A few weeks back, I got into an interesting back-and-forth with an originalist Scalia fan who asked, if we’re allowed to go beyond “original intent” with the Constitution’s vaguest, most general provisions, then why can’t we cleverly re-invent its more objective ones? The example he gave was this: The Constitution requires presidents to be 35 years old, but back in 1789, average life expectancy was undoubtedly much shorter than it is today, so you could argue that the Constitution enacted only the “principle” of having a middle-aged president. Today, a middle-aged president might be 40, or 45, or 50 (sorry, Barack, looks like you’ll have to wait).

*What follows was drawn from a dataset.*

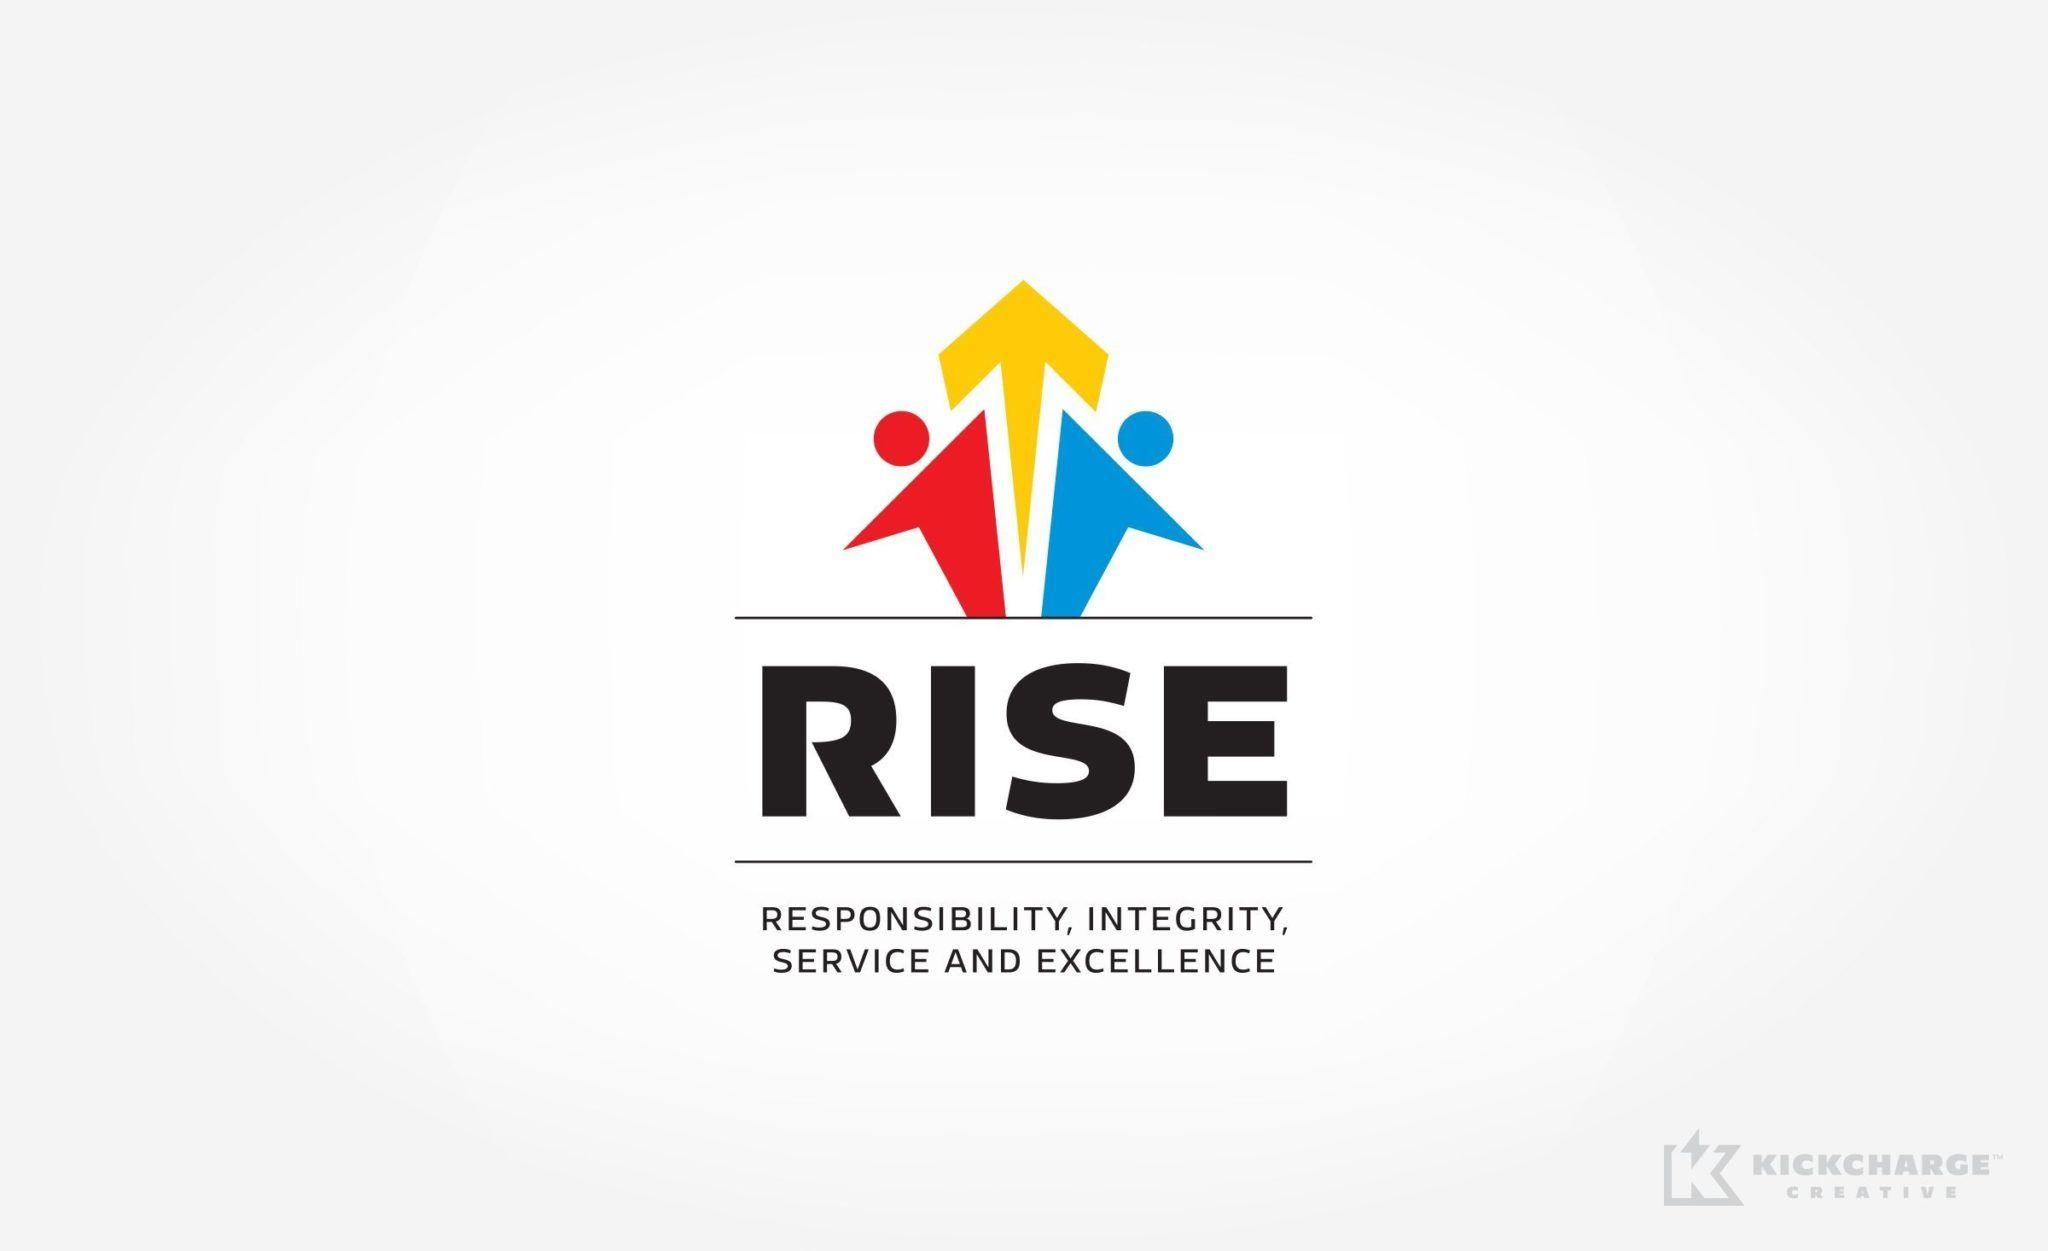 Rise Logo - RISE - KickCharge Creative | kickcharge.com | KickCharge Creative ...

My response was that many constitutional provisions are essentially policies (each state gets two Senators, president must be 35, the state can’t make you host troops during peacetime) whereas others, mainly the provisions of the Bill of Rights, are essentially principles. Of course, reasonable people can disagree about what the principles of equal protection and free speech entail for specific governmental policies. But the Burris debacle has revealed that it’s not just the sexy First and Fourteenth Amendments that are open to honest scholarly disagreement. Yale prof Akhil Amar says the Senate can “easily” reject Burris; local HLS prof and HPR interviewee Mark Tushnet agrees, as do Larry Tribe and Jack Balkin. But UT law professor Sandy Levinson has been using Balkin’s own blog to repeatedly bash the idea of rejecting Burris. Eugene Volokh backs him up, as do Brian Kalt and, in the Los Angeles Times, UC Irvine law school dean Erwin Chemerinsky. (If you’ve heard of even one of these people and are female, please call me ASAP.)
These people all have different constitutional philosophies, and perhaps none of them is exactly an originalist in the Scalia mold. But by the same token, none of them thinks that original intent is irrelevant in this debate, and I suspect that if there were some foolproof way of discerning that intent, they would stop the analysis right there. But there’s not, and they don’t. Reasonable and even eminent people can differ on the meaning of the Constitution. But Scalia and his ilk think they can nail down the Constitution’s meaning armed with only a history book and a dictionary.